Main

The risk assessment and management of therapeutic strategies for prostate cancer are presently still mainly based on clinical criteria, for example, patient characteristics, clinical stage, serum PSA, and histopathological features, in particular, tumour extent and Gleason score. However, not all low-grade prostate cancers with a Gleason score less than 7 follow an indolent course, and carcinomas with a Gleason score of 7 or higher, on the other hand, may (rarely) present with a rather favourable clinical behaviour. These discrepancies have become increasingly apparent, particularly following the updated recommendations of the 2005 ISUP Gleason System (Harlan et al, 2003), therefore emphasising the pressing need for additional molecular prognostic markers. Interestingly, the lack of reliable molecular biomarkers for the risk assessment of prostate cancer stands in sharp contrast to an ever-emerging number of proposed marker candidates. With nearly 2900 PubMed hits for the search term ‘prostate cancer prognostic marker’ (July 2014), no evidently relevant prognostic biomarker has made its way into clinical practise (Kristiansen, 2012). This issue clearly stresses the necessity to reflect on the validity of biomarkers and biomarker development or even some aspects of our scientific publication culture.
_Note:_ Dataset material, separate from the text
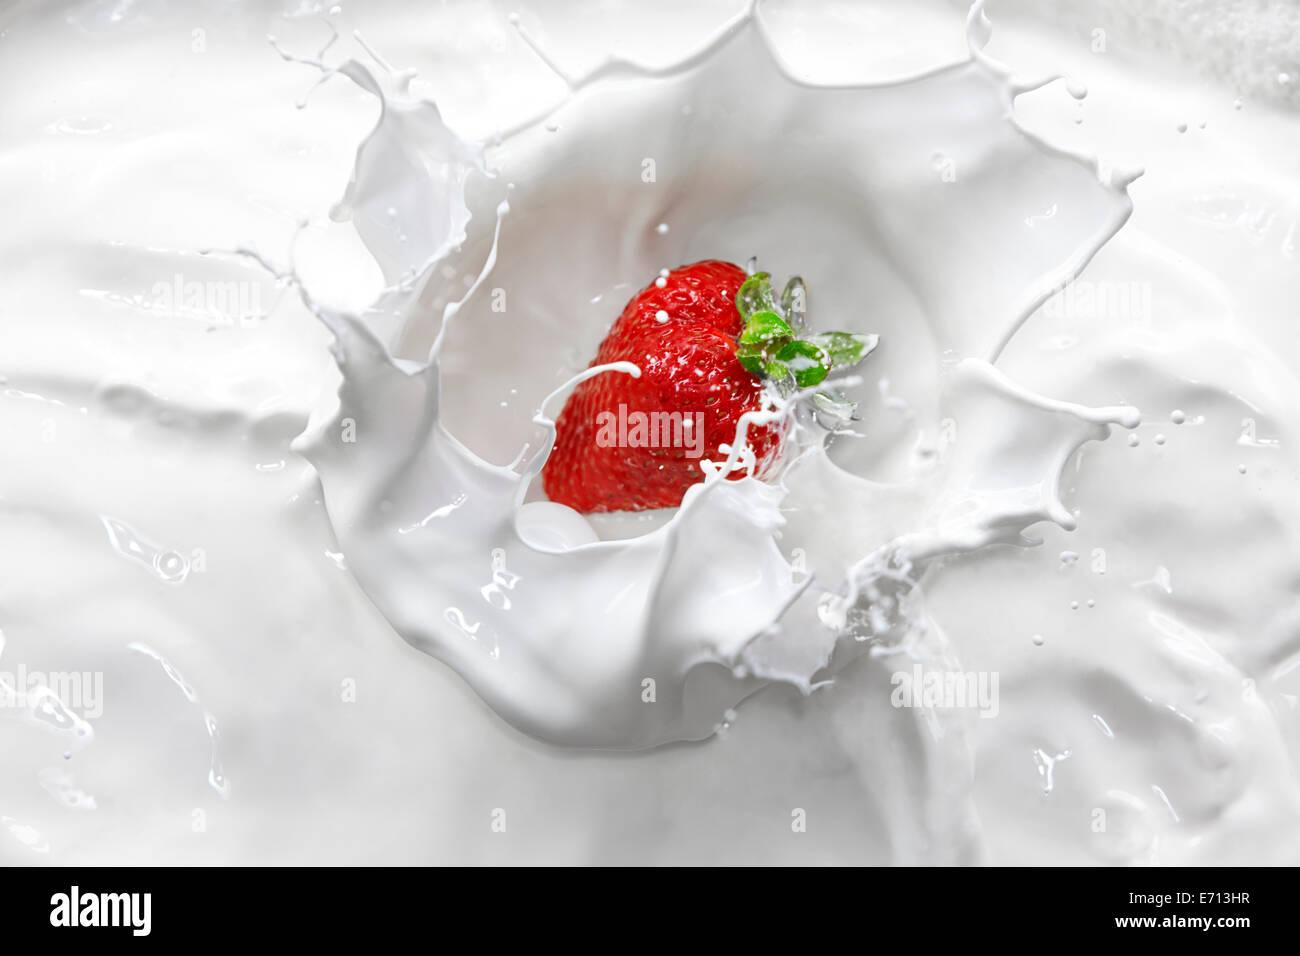 Strawberry splashing into cream - Stock Image
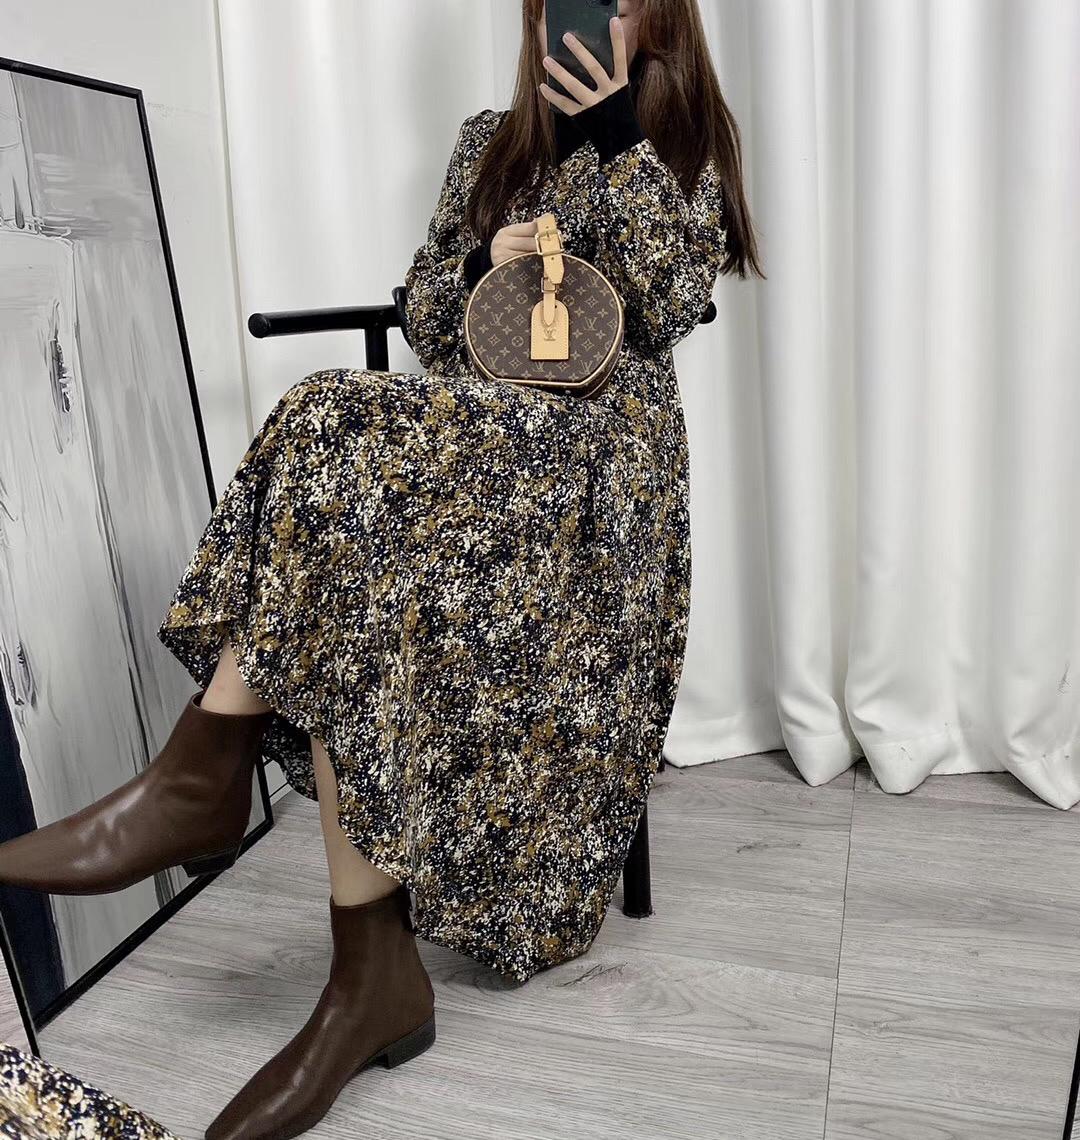 ASM Anna 〕 Monets back garden ~ foreign style fashionable dress childrens winter flower dress

Despite the limitation of immunohistochemistry being an only semiquantitative technique, it still represents an essential methodological approach for a large fraction of published biomarker studies. This prompted us to experimentally verify the prognostic value of a wider range of previously published immunohistochemical prognostic markers for prostate cancer in a representative monocentric cohort of radical prostatectomy patients.

Materials and methods

Criteria for identification of prognostic markers

In a first step, prognostic markers for prostate cancer were identified in a PubMed search (‘prostate cancer prognostic/prognosis immunohistochemistry’). Eligibility criteria for study inclusion were: (i) cohort size—a number of patients >50 in studies using conventional slides or >100 for tissue microarray (TMA)-based studies, (ii) multivariate prognostic value demonstrated in Cox analysis (P<0.05), and (iii) conclusive immunohistochemistry protocol and antibody availability. From the pool of resulting candidates, we obtained 28 markers for validation.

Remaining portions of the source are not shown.